There were a few spots of rain as I made my way up the track, but the fresh air and exercise felt wonderful. I pushed my hood back and let the wind send my hair whipping around my face. My older half-sister – what colour hair would she have? Black, like mine, which I’d inherited from Jackie? Would my sister look anything like me? After a childhood as an only child it was hard to get my head around the idea that there was someone else out there who’d been born from the same mother.
I reached the village, and perched on a broken down wall about halfway along, just to the side of the stream which ran through the village and across the track. The thick cloud was still high enough not to spoil the view across the moors to the sea, and I gazed into the distance while trying to put my thoughts in order.
I might have had a brother. I tried to imagine Jackie’s anguish at the stillbirth, and with a jolt realised that could also happen to me. Even though I hadn’t been – still wasn’t – entirely sure I was ready for a baby, the idea of carrying it to term only to lose it was unbearable. I put my hand on my bump, protectively. My feelings were so conflicted still – I hadn’t wanted this baby but I couldn’t bear the thought of losing it either. What I wanted, I suddenly realised, was to begin to love it. I wanted to feel a connection to it – the connection Jackie had felt with her first child and then with her stillborn son, but which she’d refused to let herself feel for me. How did that work? You might assume it would come naturally, but as yet that had not happened for me.
I gazed around the ruined village. Kitty had lived in one of these cottages. She’d lost so many children, and yet her surviving son had gone to some trouble to express his gratitude for her sacrifices. She must have felt that connection to her eldest, to have done whatever it
was that had inspired him to write those words on the memorial stone.
The rain was a little heavier now, so I pulled up my hood, tucking strands of wet hair inside. My trousers were soaking but they were made of a quick-drying fabric, and despite the rain and wind it wasn’t cold.
When I’d been born alive and well, why hadn’t Jackie let herself love me then? She was happily married, not a schoolgirl as she’d been when her first daughter was born, so there was no danger I’d have been taken from her.
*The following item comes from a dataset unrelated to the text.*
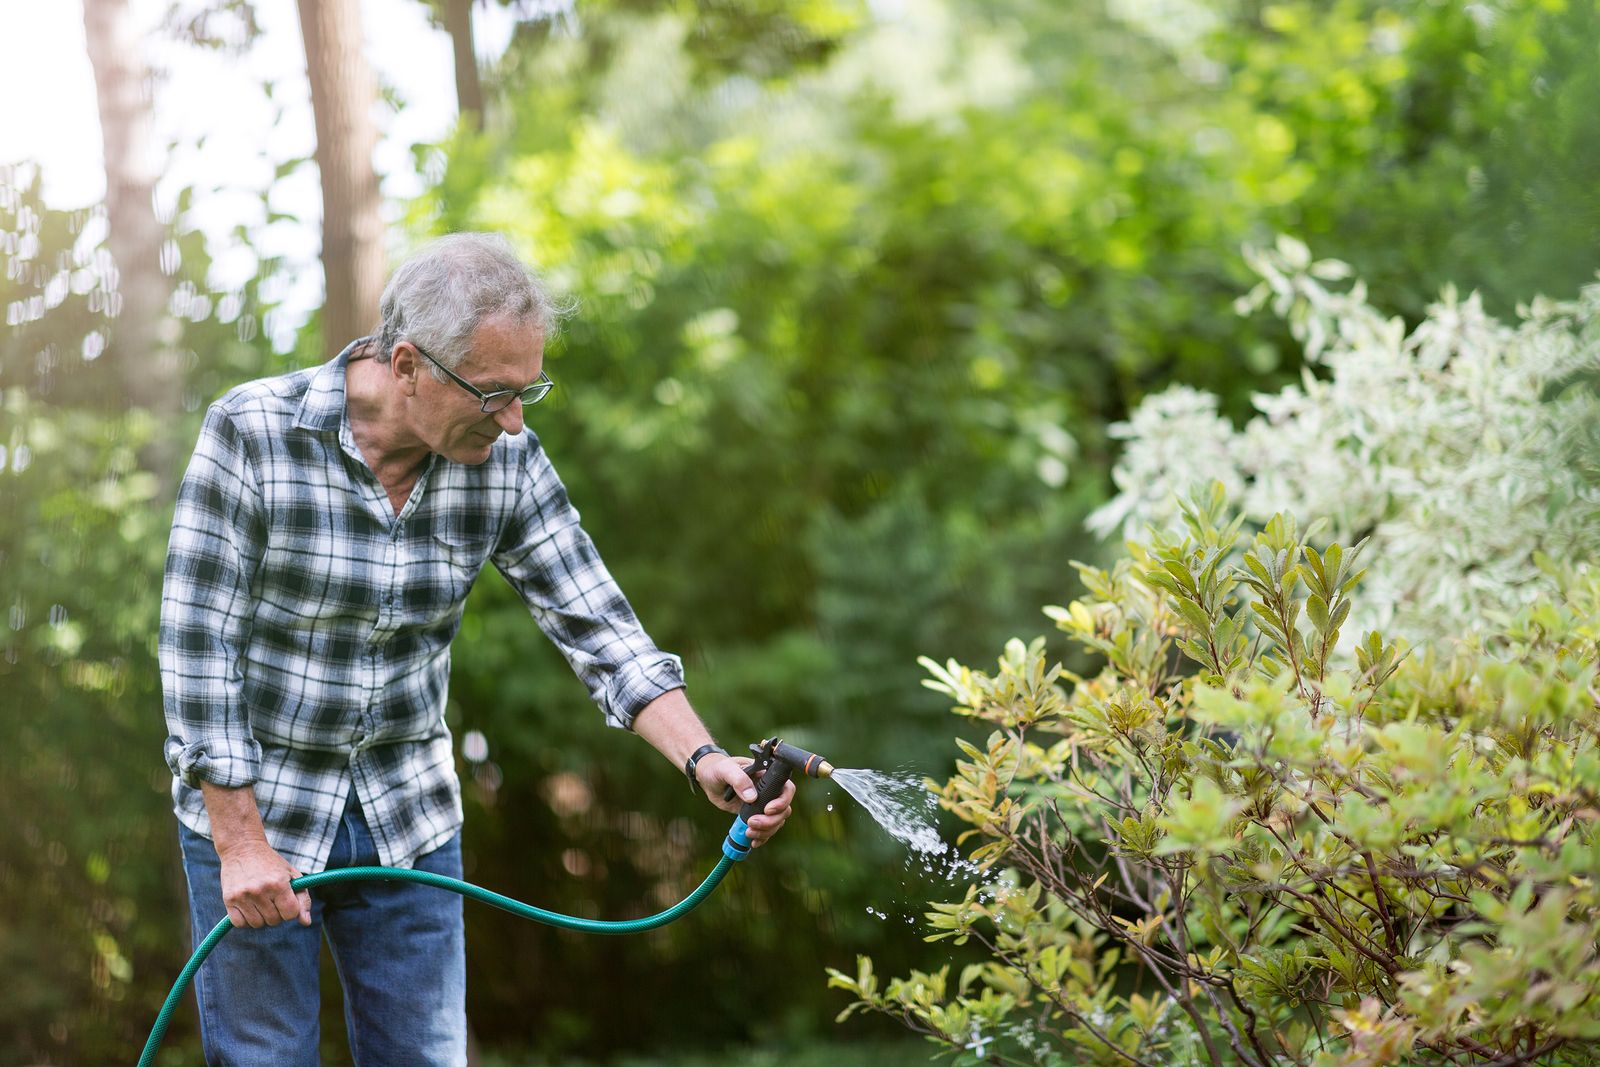 La jardinería: una agradable actividad que es beneficiosa a nivel físico y mental para los mayores
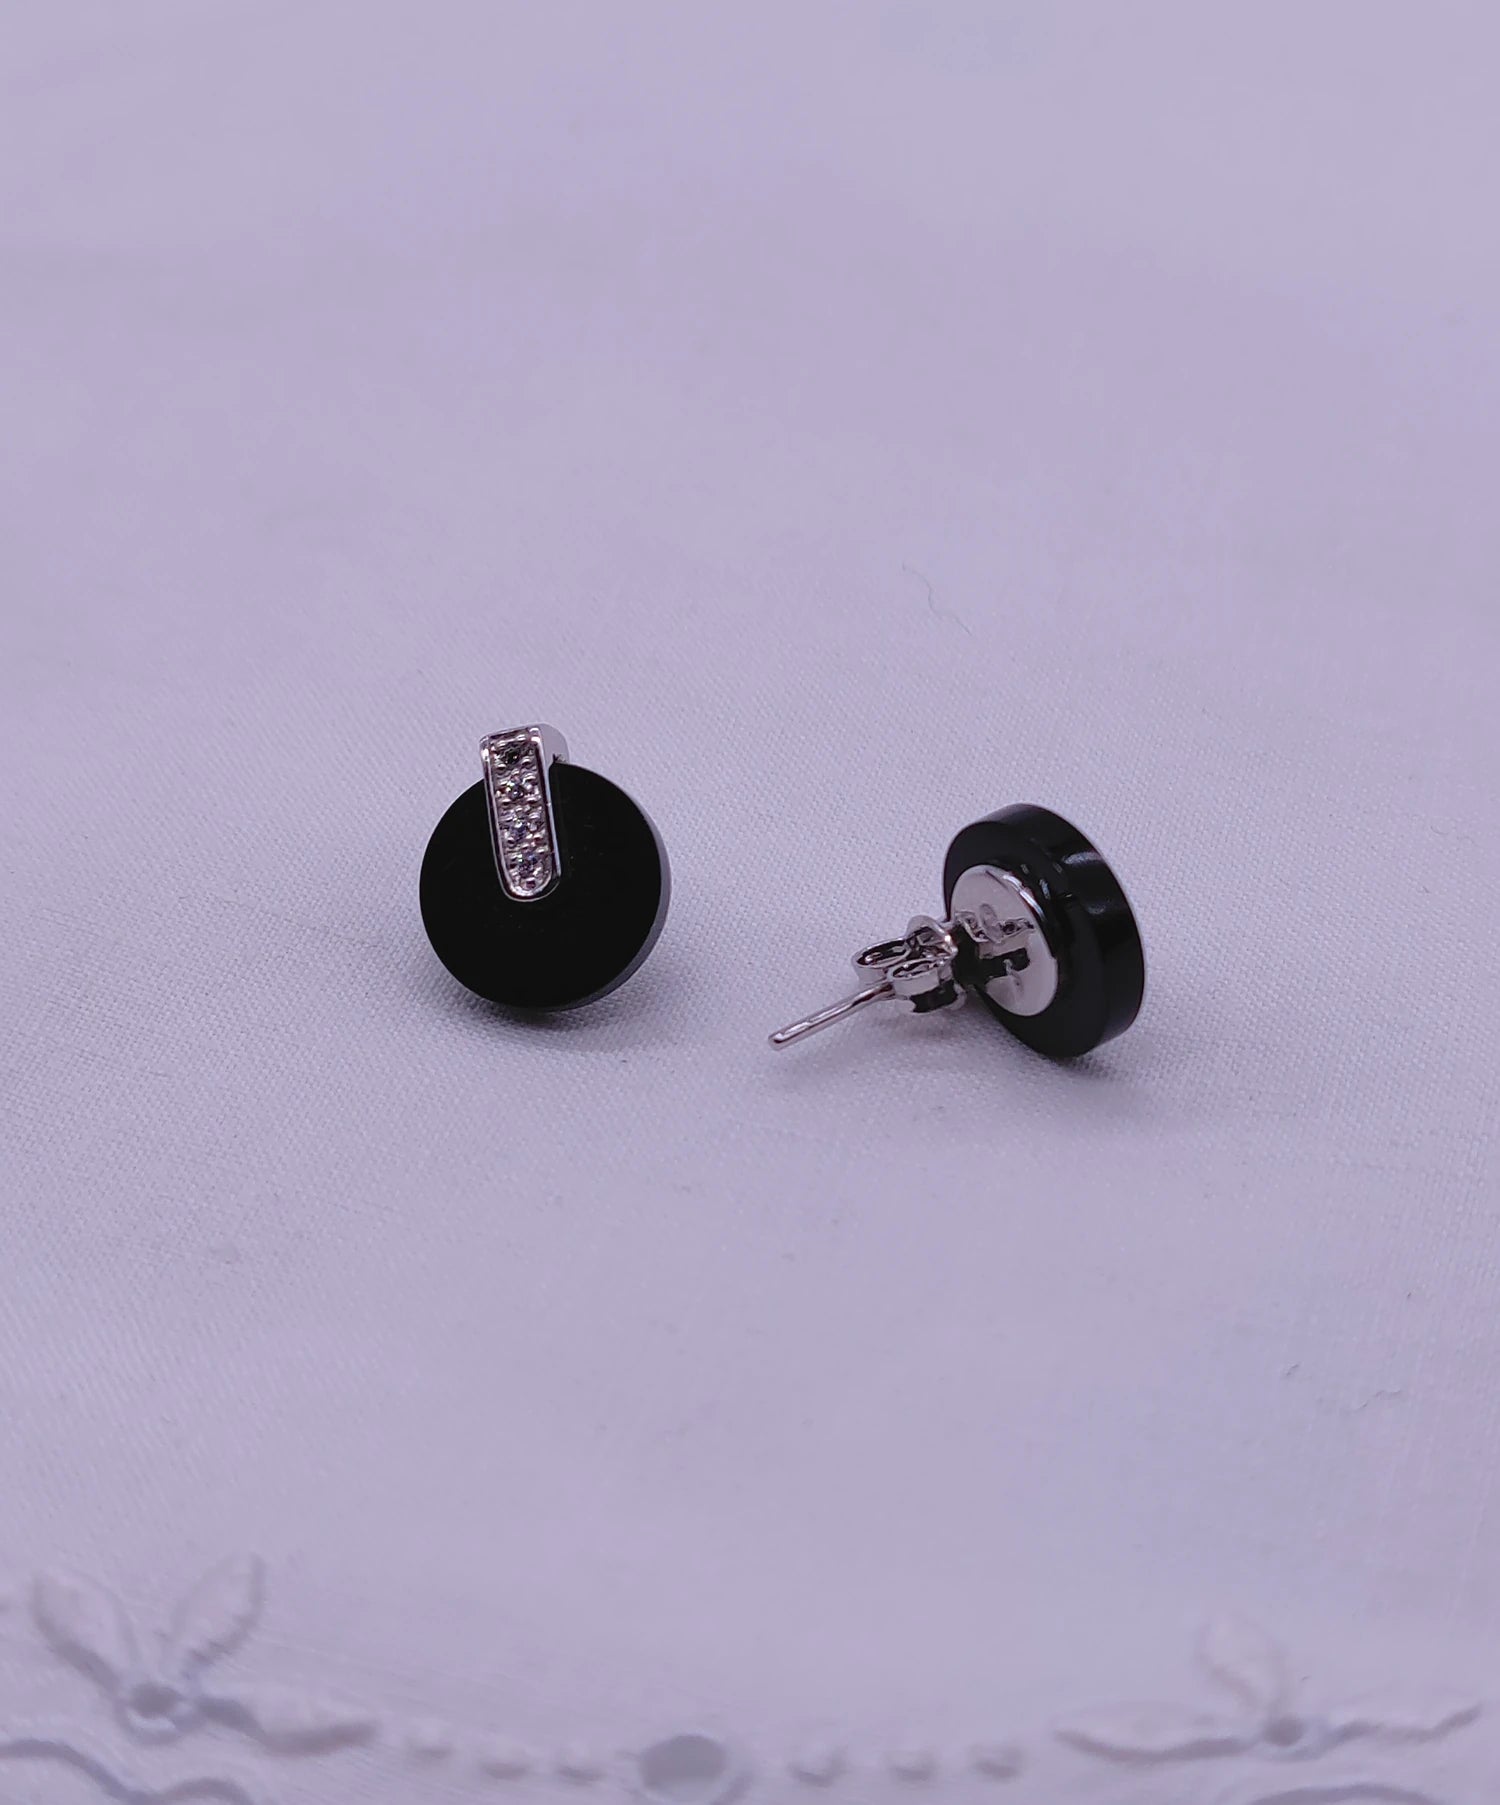 Boucles d'oreilles art déco Moon onyx et zirconium

Why hadn’t she relaxed and enjoyed finally being able to be a proper mother? I tried to remember what she’d said in the email about this. Something about fearing I’d drive a wedge between her and Dad. But he’d loved us both, unconditionally. Jackie didn’t seem to realise that love was not a finite resource – you could love more than one person at a time without it diminishing your supply. Could I do this? I loved Dan unreservedly. Would I be able to love our child as much? Or would he or she come between us and spoil what we had?
The backs of my legs were beginning to hurt from sitting on the crumbling cottage wall. I stood up, stretched, and debated what to do next. At that moment the rain stopped, and a break in the cloud over the hill revealed a rainbow. Didn’t the legends say that leprechauns hid their pots of gold at the end of a rainbow? On a whim I decided to continue along the track, past the mine ruins and on to the top of the mountain. It looked like the weather might clear up. Might as well take the opportunity to go to the summit and check out the views from there.
Beyond the village, the track quickly petered out into little more than a sheep’s track. I passed the stone circle and the ruins of the mine buildings, looking stark and unwelcoming against the grey skies. The rainbow was short-lived, and soon the cloud and rain had returned, making me wonder whether I’d made the right decision in going on. But I felt committed to my quest, and the summit wasn’t too far away, so I persevered.